I find this all very nineteenth century.
Sonnets, as has been proved on this list many a time, can be written in
modern language and style very effectively.
Why bother to rehash the Wordsworth/Coleridge era? Let's do some twentyfirst
century stuff. While I enjoy the nineteenth century poets, I think poems
posted here for criticism should not be so archaic.

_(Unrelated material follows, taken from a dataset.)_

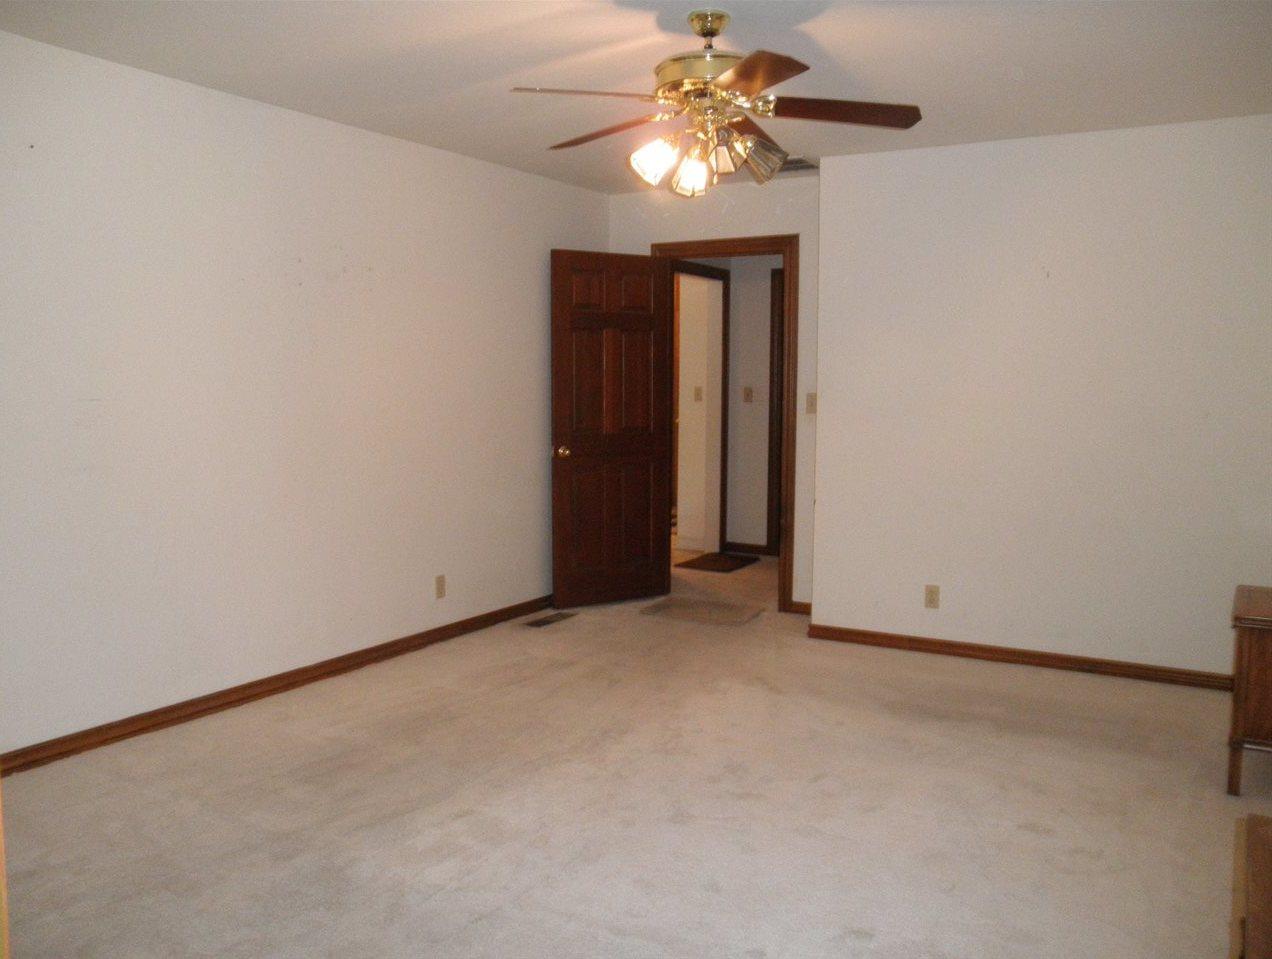 Sold Intraoffice W/MLS | 2 Woodcrest  Ponca City, OK 74604 18

I'd better stop now as my prejudices are showing.
Roger.
----- Original Message -----
From: "LaPoetessa" <[log in to unmask]>
To: <[log in to unmask]>
Sent: Friday, April 18, 2003 11:15 PM
Subject: Songs of Love - Petrarchan Sonnet
> Hello, I'm new to the list so thought I would jump right in and post a
> sonnet. I came across this list quite by chance this evening.
>
> I have been a member of JISC for a number of years but mainly through my
> work at a University in the Northwest. I do believe it used to be known
as
> MailBase but I may be wrong?
>
> Well that's enough of my wild ramblings...on to the sonnet...
>
> Songs of Love - Petrarchan Sonnet
>
> Pray tell - if songs of love in rhyme can please,
> and should we all be lost in sandune's dust
> like thoughts in time, who then will write of lust?
> In making haste, words fail and yet words tease.
>
> What fools are we, to bend the form for ease
> of fit? In tempered pattern's cut and thrust,
> like pitchers placed where swords and daggers rust,
> in life it can be so, for words can freeze.
>
> In songs of love we write in rhyme to sway
> the heart. If sung in time, for words are songs
> of love as Muses too have loves to hold.
>
> We think it game to scoff at other's ways
> and yet in time they will forgive our wrongs,
> as Zephyrs blow and speak in words untold.